Supplementary Figure 5 Confusion matrix for the synthetic species mock contigs.

A heatmap visualisation of the confusion matrix comparing the CONCOCT contig clusterings for the optimal 101 cluster solution with the species assignments for the synthetic species mock contig fragments. Each column is a cluster named Dk where k is the cluster index. The rows correspond to the species and the intensities reflect the proportion of each cluster deriving from each species. The intensities are weighted by contig length.

Supplementary Figure 6 Impact of contig length on error probability.

Predicted error probabilities from a logistic regression of contig missasignment as a function of contig fragment length (p-value < 2.0e-16) for the synthetic species community. Each cluster was assigned to the species from which the majority of contigs, weighted by length, derived. A contig was defined as misassigned if it derived from a different species to its cluster. The solid line is the logistic regression predicted error probability, together with standard errors as grey shaded portions. The points are average error rates calculated over a length bin of size 1000bp, their size is proportional to the log of the number of contigs in that bin.
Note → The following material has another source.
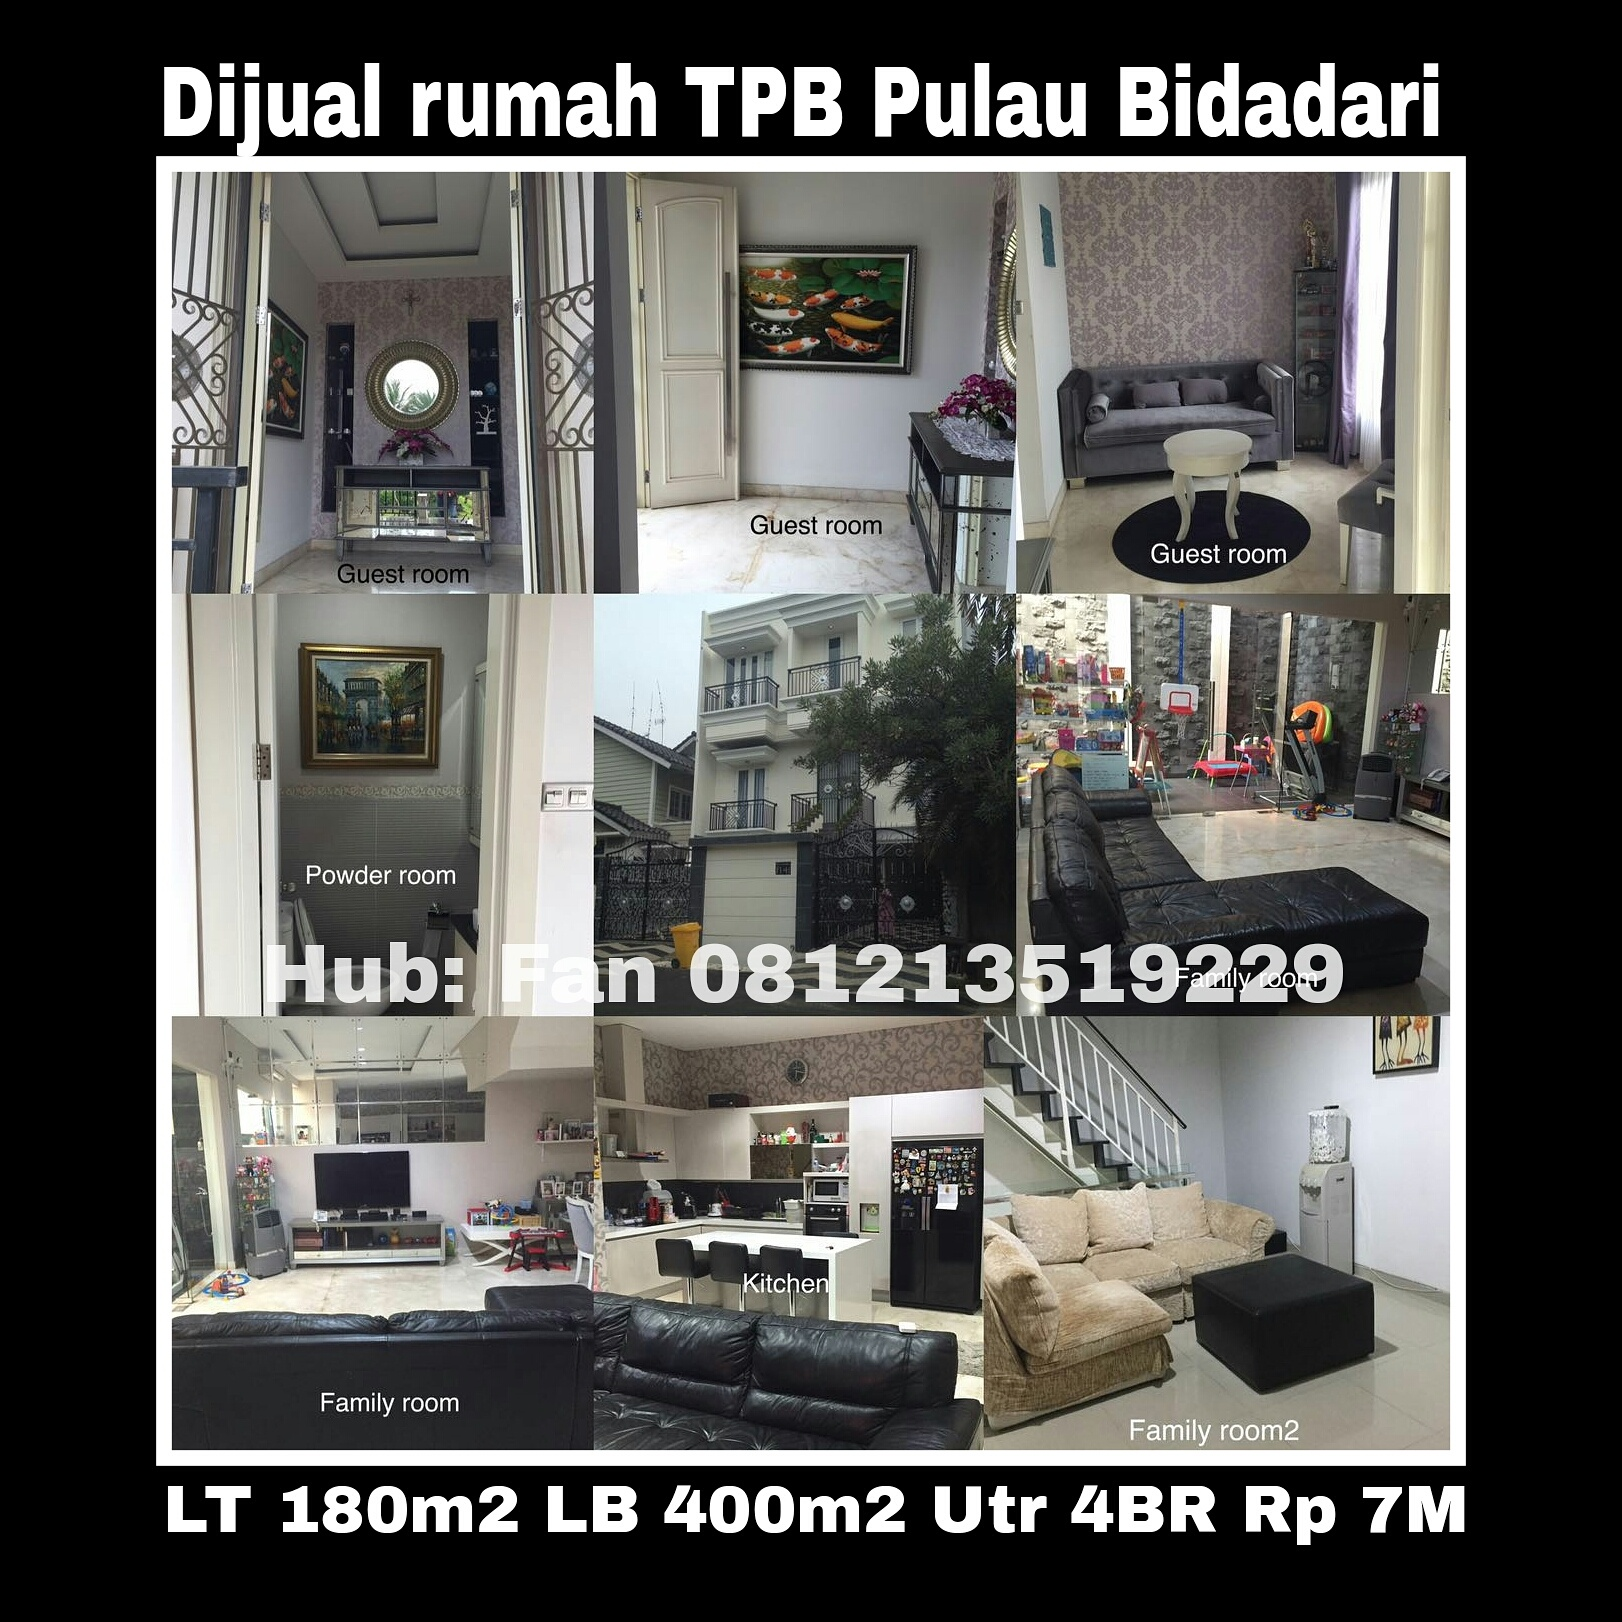 Rumah Pulau Bidadari TPB 3,5LT.jpg

Supplementary Figure 7 Frequency of single-copy core genes in the synthetic species mock clusters.

A heatmap visualisation of the number of single-copy core genes in each cluster for the optimal 101 cluster solution generated by CONCOCT applied to the synthetic species mock community.

Supplementary Figure 8 Two-dimensional visualisation of the synthetic strain mock contigs labeled by cluster.
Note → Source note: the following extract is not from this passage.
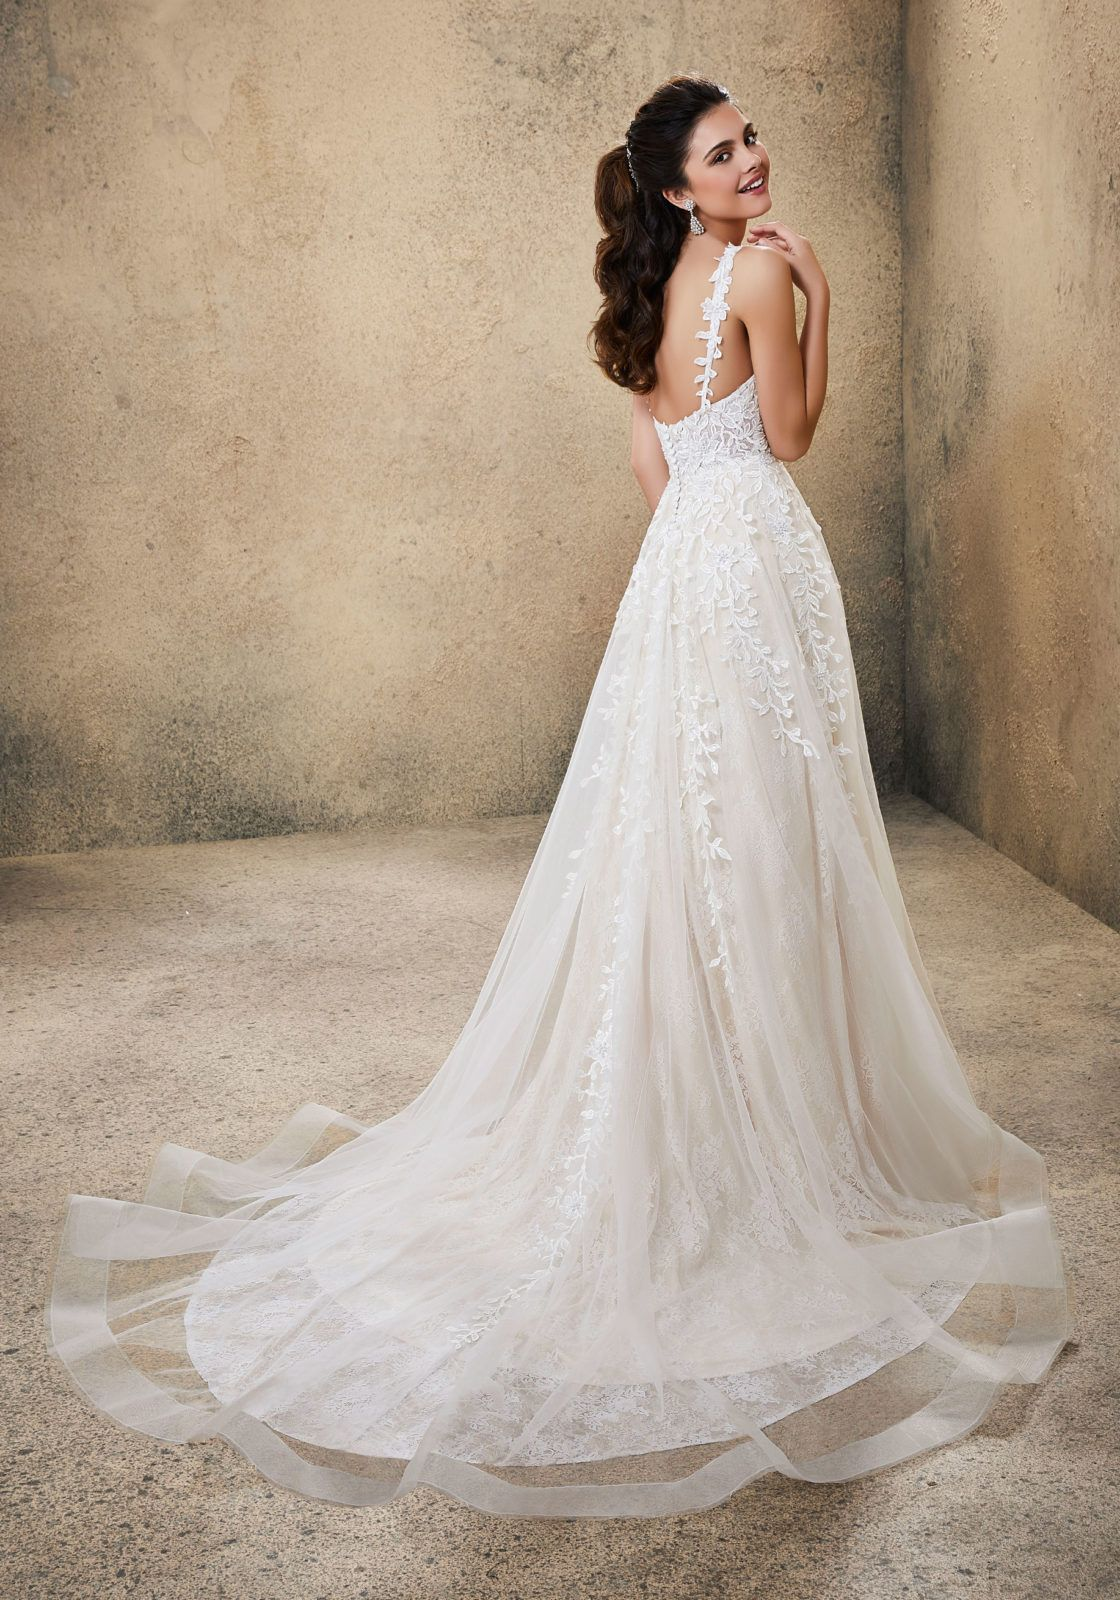 River Wedding Dress Morilee Wedding Dress Styles Wedding

The 9,411 synthetic strain mock contig fragments of length > 1000bp plotted in the first two PCA dimensions with the 21 different clusters discriminated.

Supplementary Figure 9 Validation of the synthetic strain mock contig clusterings.

Top panel: a heatmap visualisation of the number of single-copy core genes in each cluster for the optimal 21 cluster solution generated by CONCOCT applied to the synthetic strain mock community. Bottom panel: a heatmap visualisation of the confusion matrix comparing the CONCOCT contig clusterings with the genome assignments for the synthetic strain mock contig fragments. Each row is a cluster and column a species. Intensities reflect the proportion of each cluster weighted by contig length deriving from each species.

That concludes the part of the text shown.